Supplied information below:

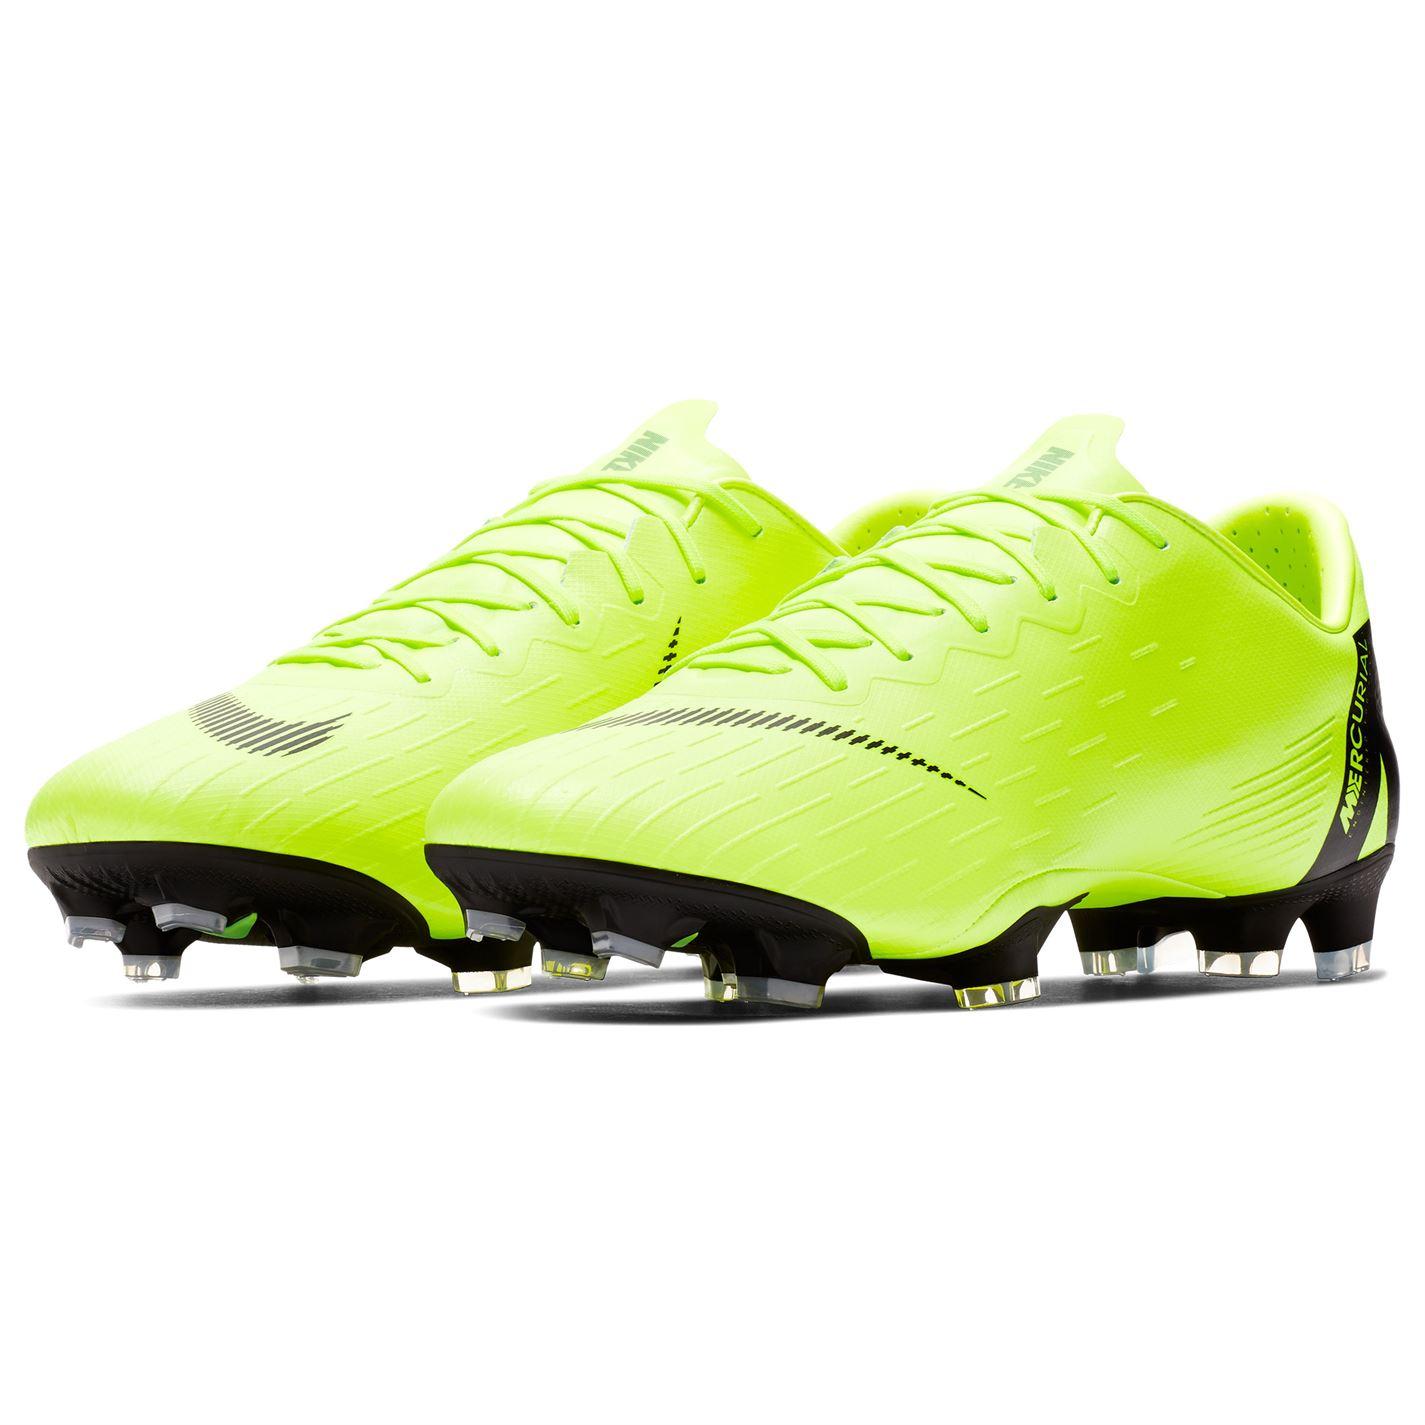 kopačky Nike Mercurial Vapor Pro pánske FG
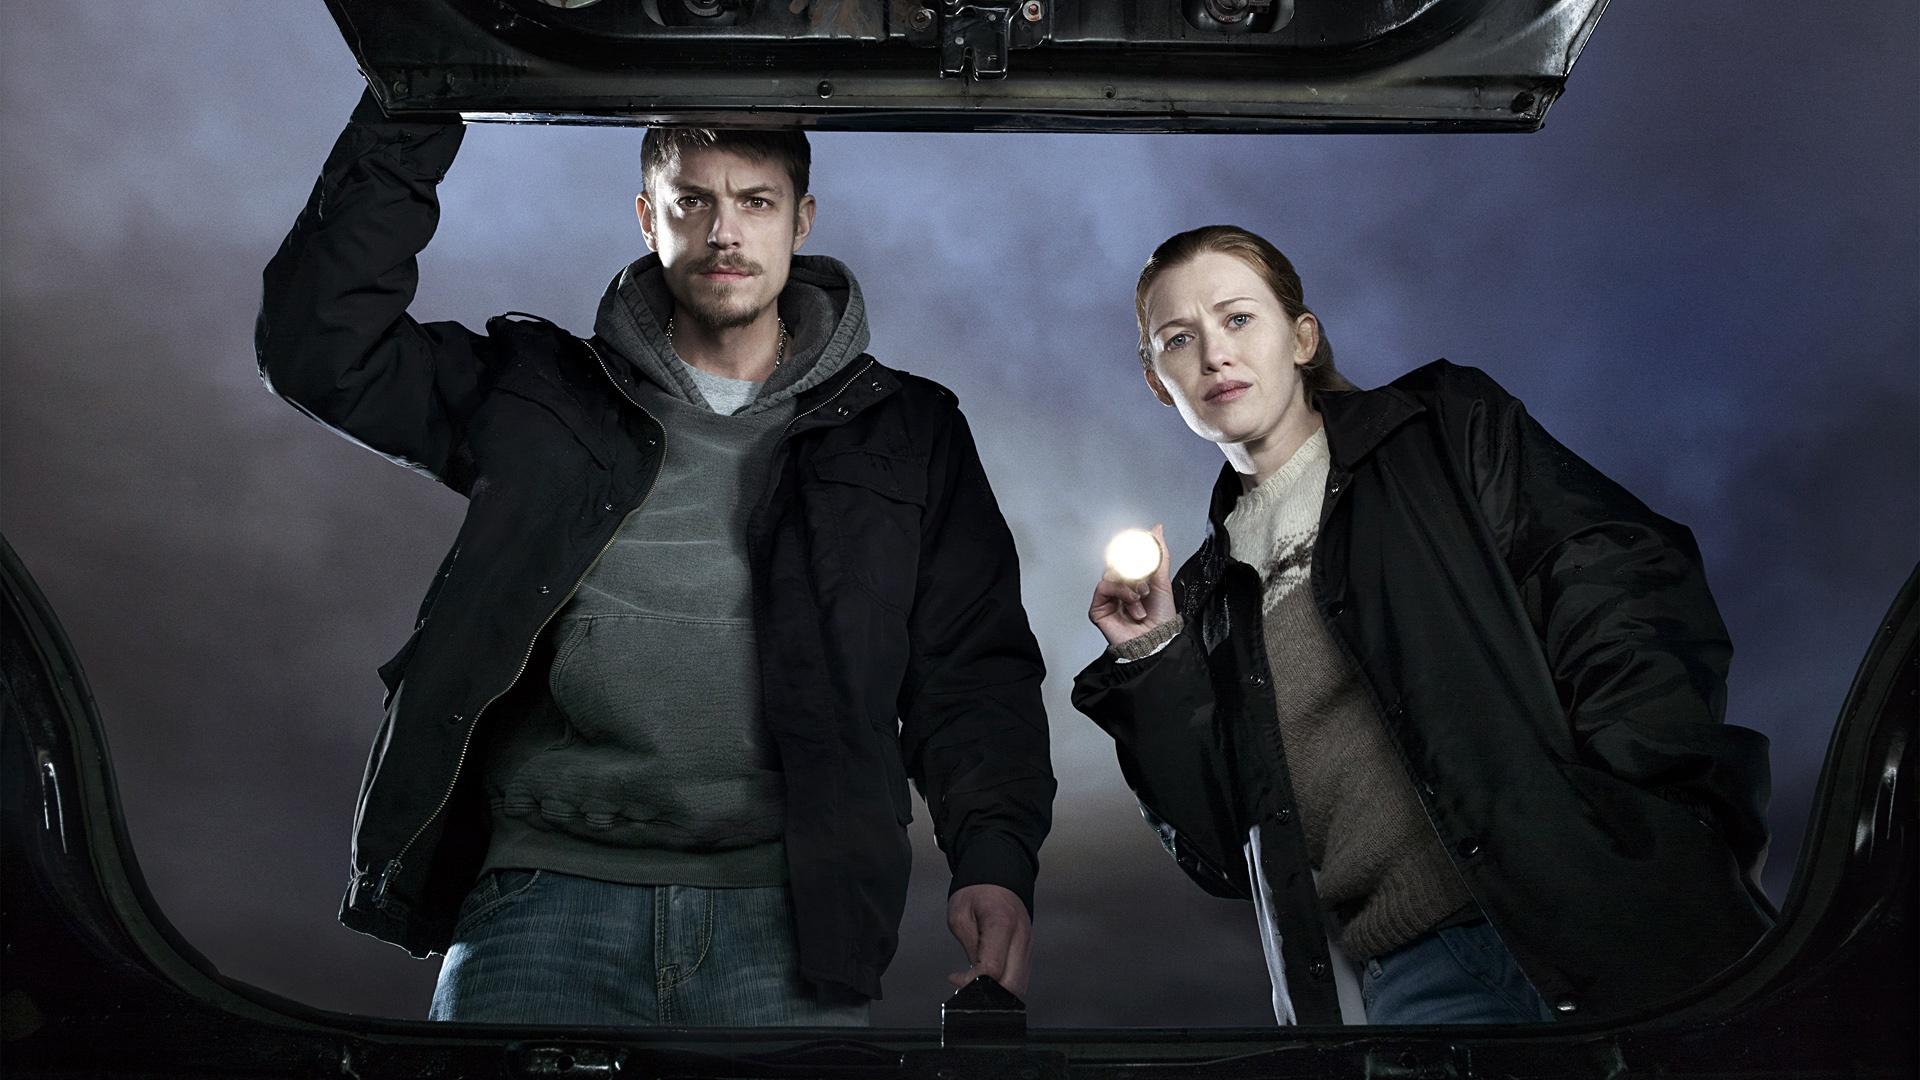 The Killing (2011)
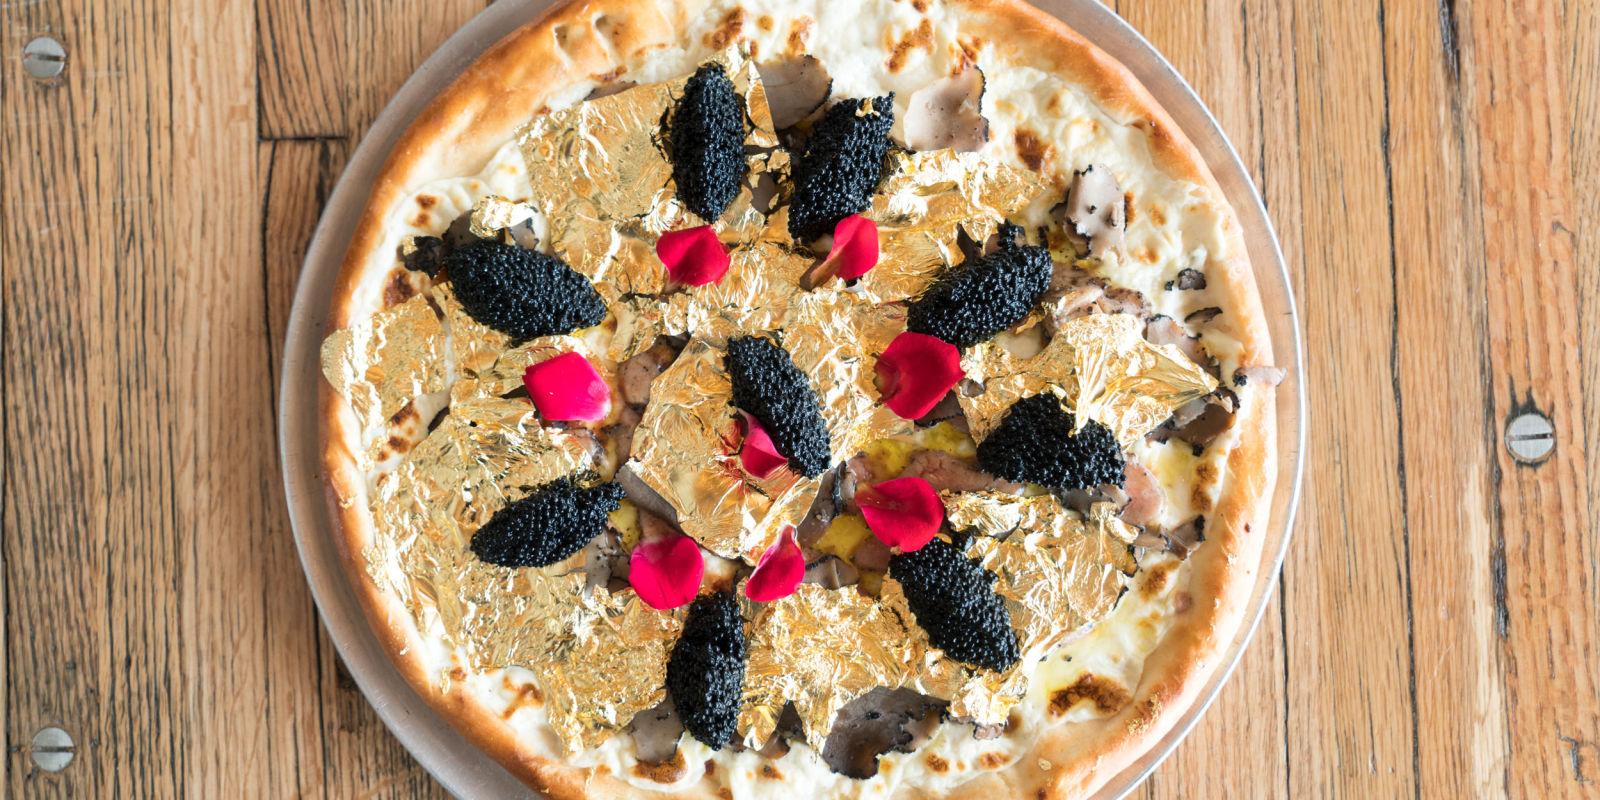 Une pizza à 2000 dollars avec du caviar, de la truffe et du foie gras
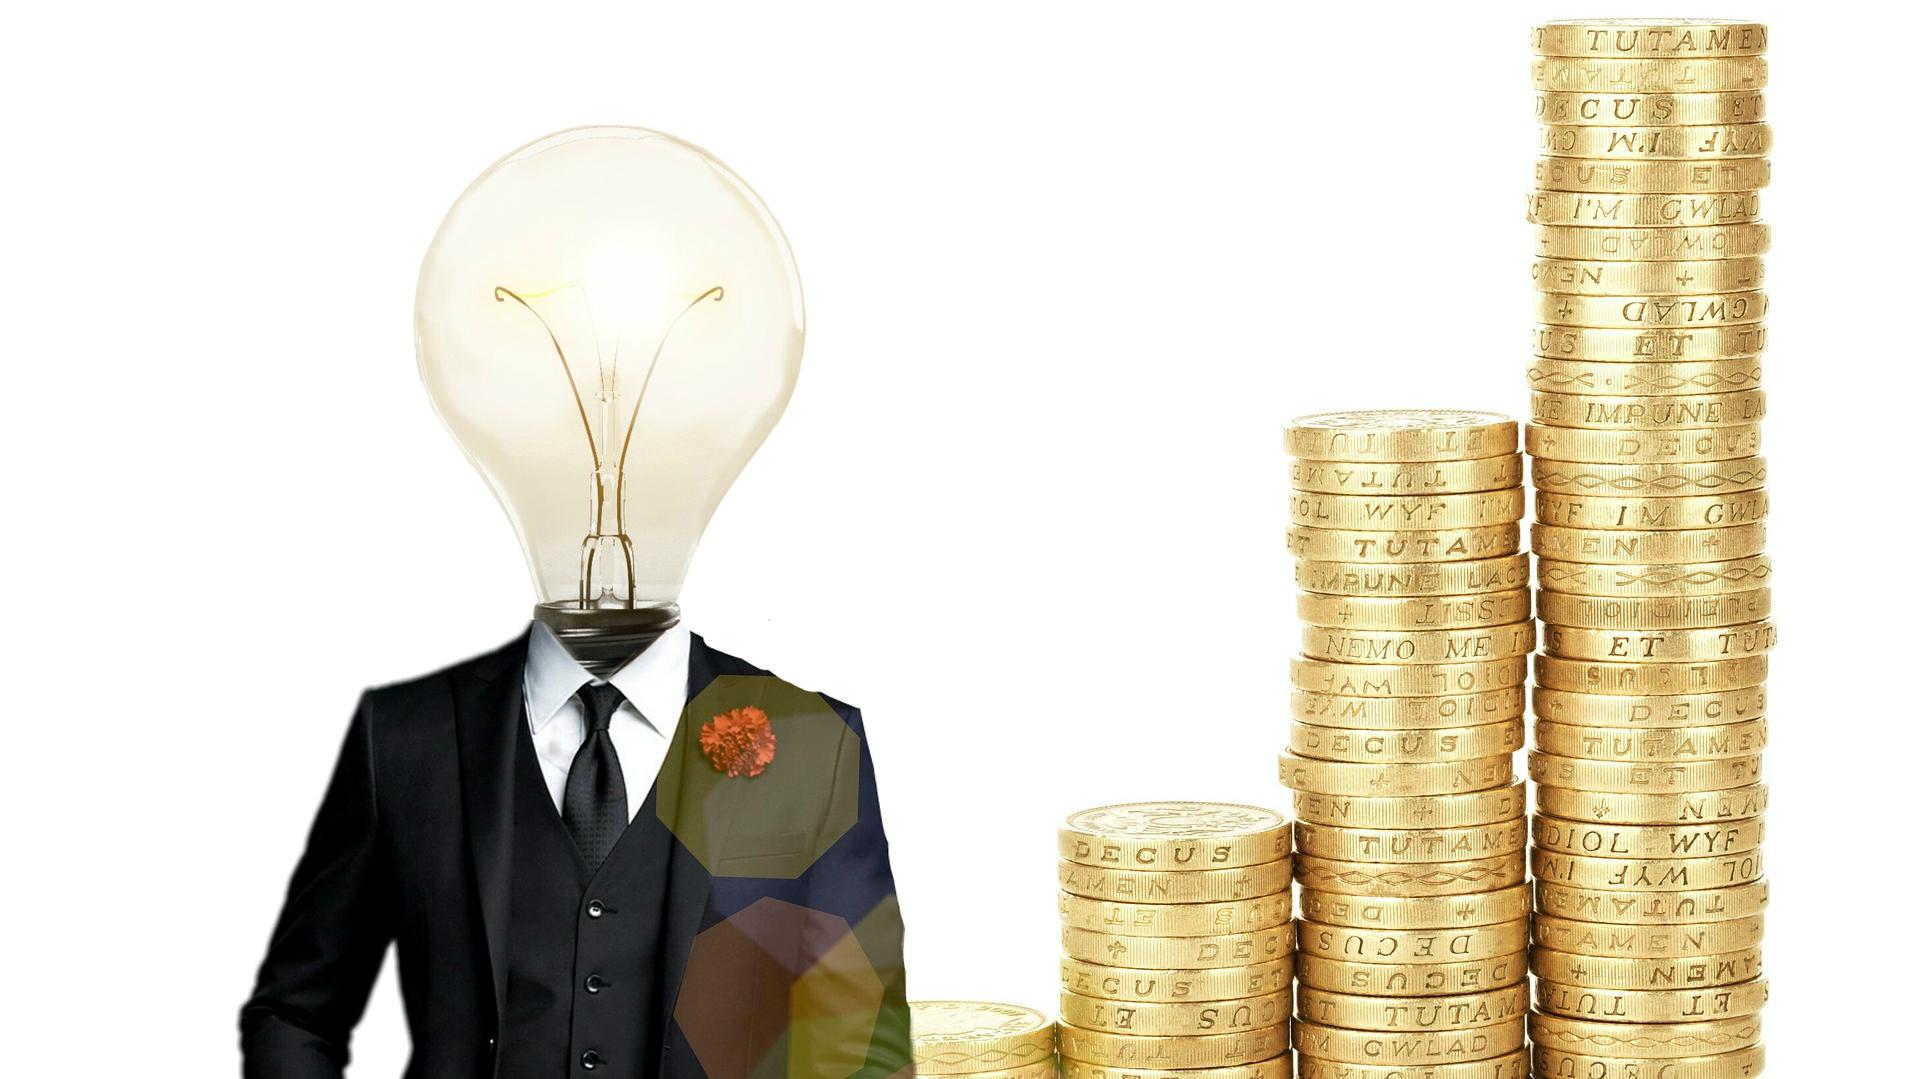 kā jūs varat nopelnīt biznesa idejas

End of Supplied information.

> _What the task asks_
Leave out the pictures, and write out all the remaining data above exactly.

> _Your solution_
 kopačky Nike Mercurial Vapor Pro pánske FG
 The Killing (2011)
 Une pizza à 2000 dollars avec du caviar, de la truffe et du foie gras
 kā jūs varat nopelnīt biznesa idejas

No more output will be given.